■ **WHAT THE TASK ASKS**: The result should hold only the lines from the one with "Display column in" through the final line of the data below, transcribed exactly, pictures left out.

■ **SOURCE MATERIAL**:
#####

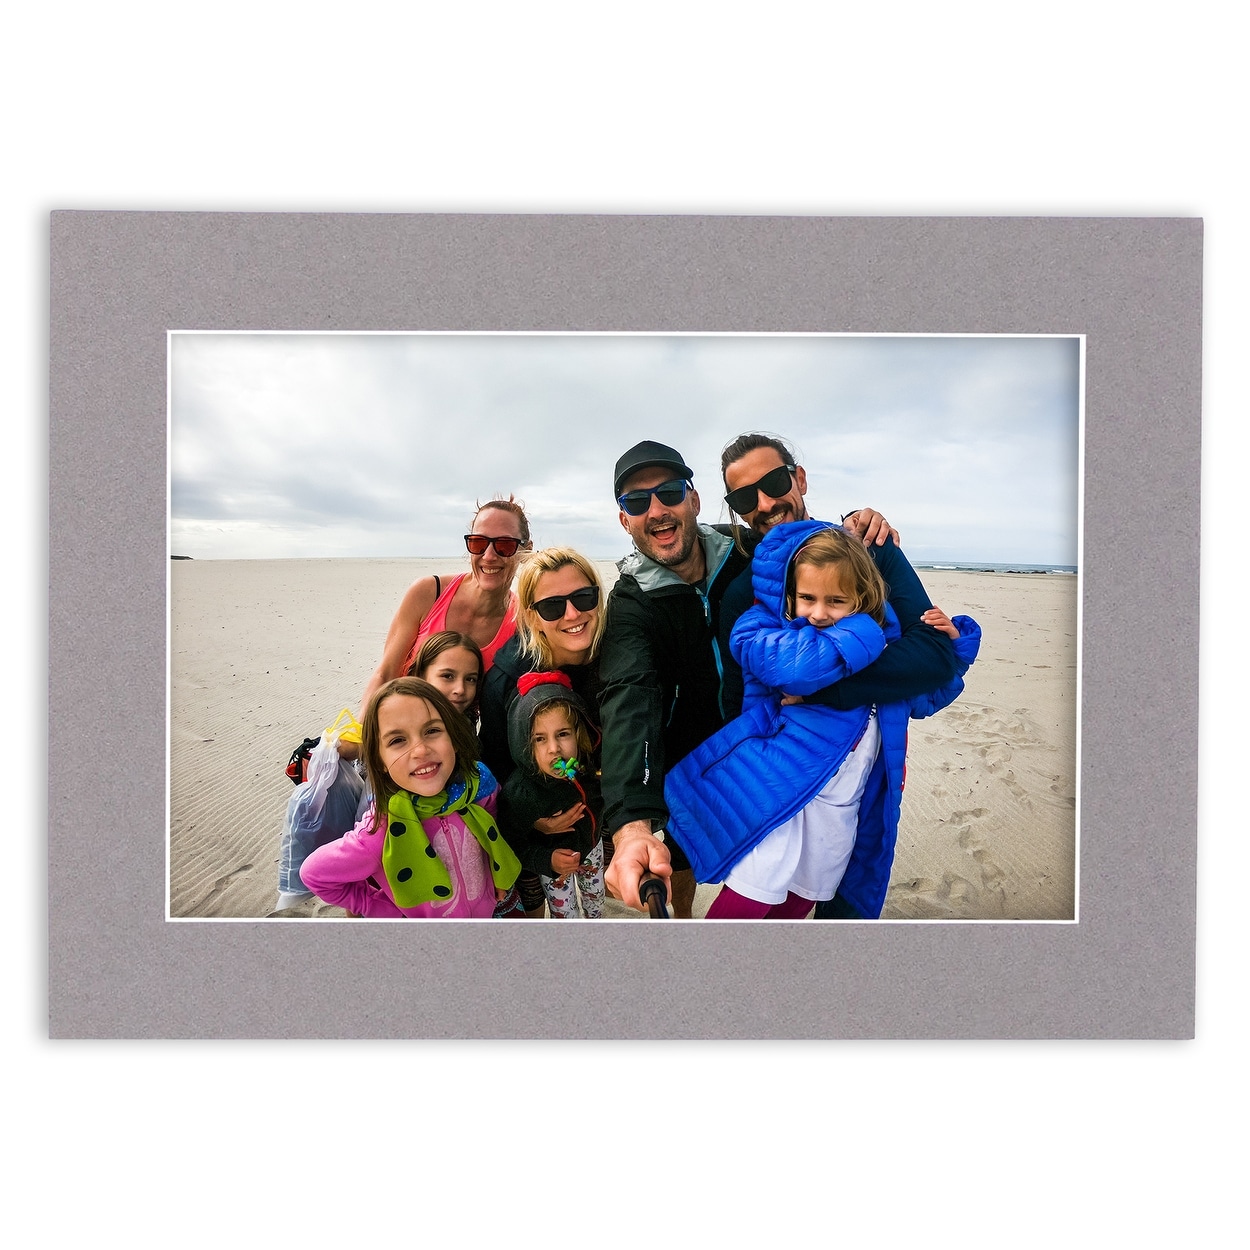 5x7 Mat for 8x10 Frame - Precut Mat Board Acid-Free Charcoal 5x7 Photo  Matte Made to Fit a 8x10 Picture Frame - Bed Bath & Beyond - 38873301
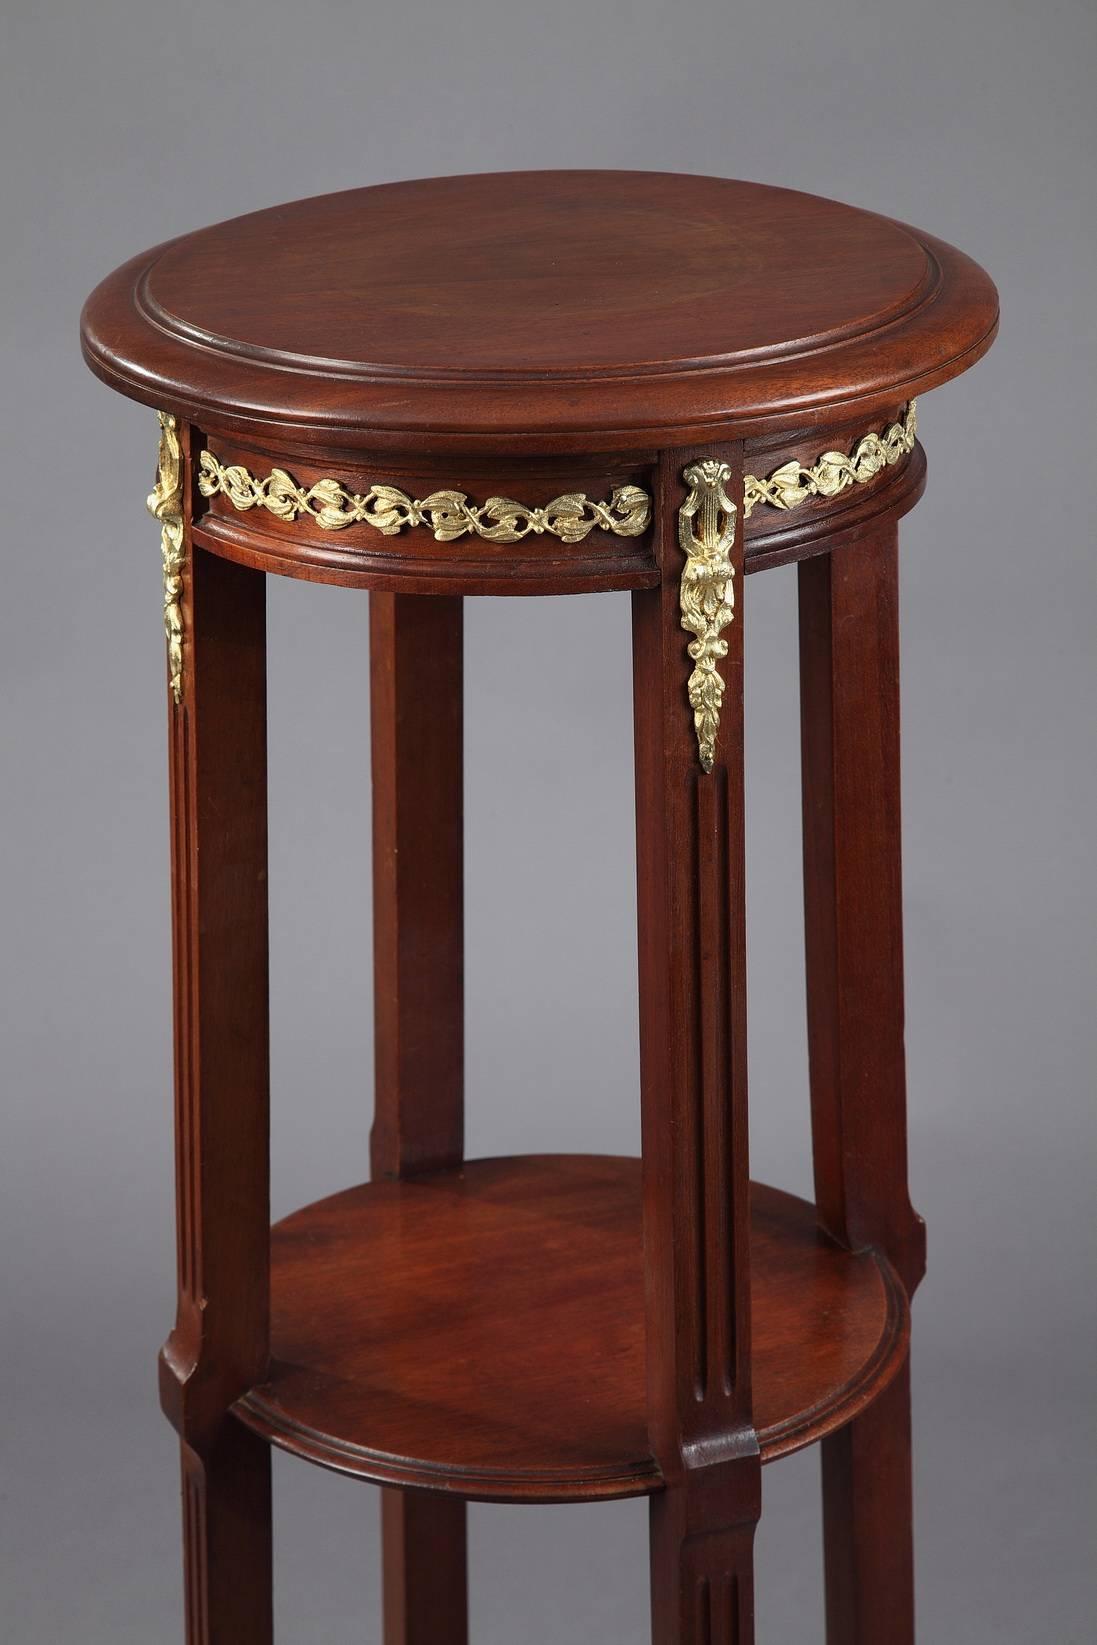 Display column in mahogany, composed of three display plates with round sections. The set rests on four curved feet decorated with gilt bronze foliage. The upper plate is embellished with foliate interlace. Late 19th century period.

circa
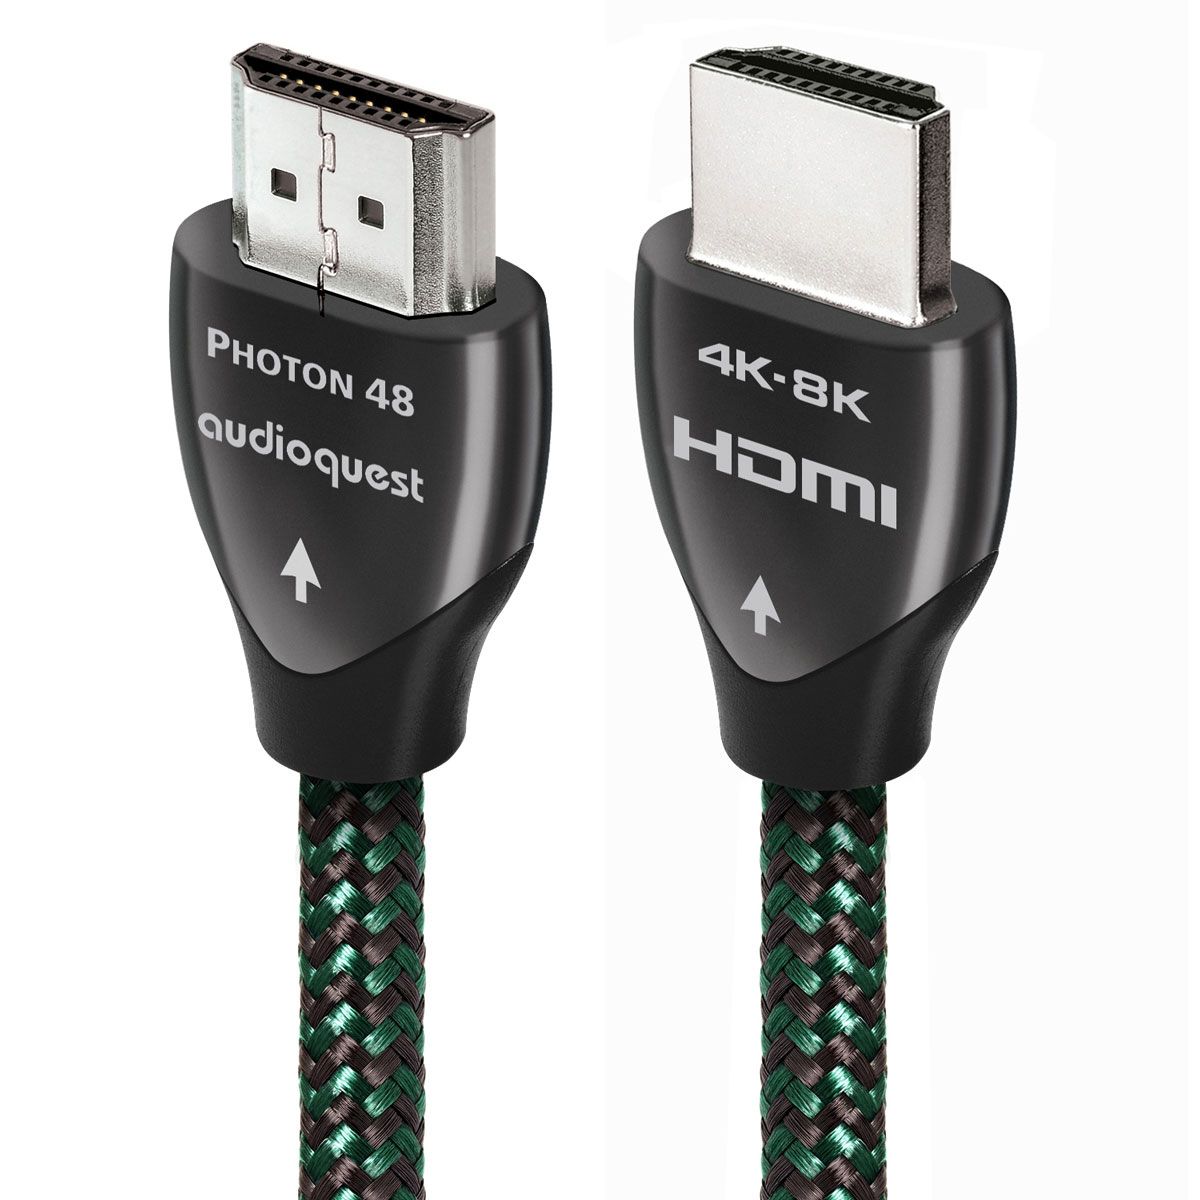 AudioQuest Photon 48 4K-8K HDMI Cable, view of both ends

#####

■ **COMPLETED EXERCISE**:
 Display column in mahogany, composed of three display plates with round sections. The set rests on four curved feet decorated with gilt bronze foliage. The upper plate is embellished with foliate interlace. Late 19th century period.

circa
 AudioQuest Photon 48 4K-8K HDMI Cable, view of both ends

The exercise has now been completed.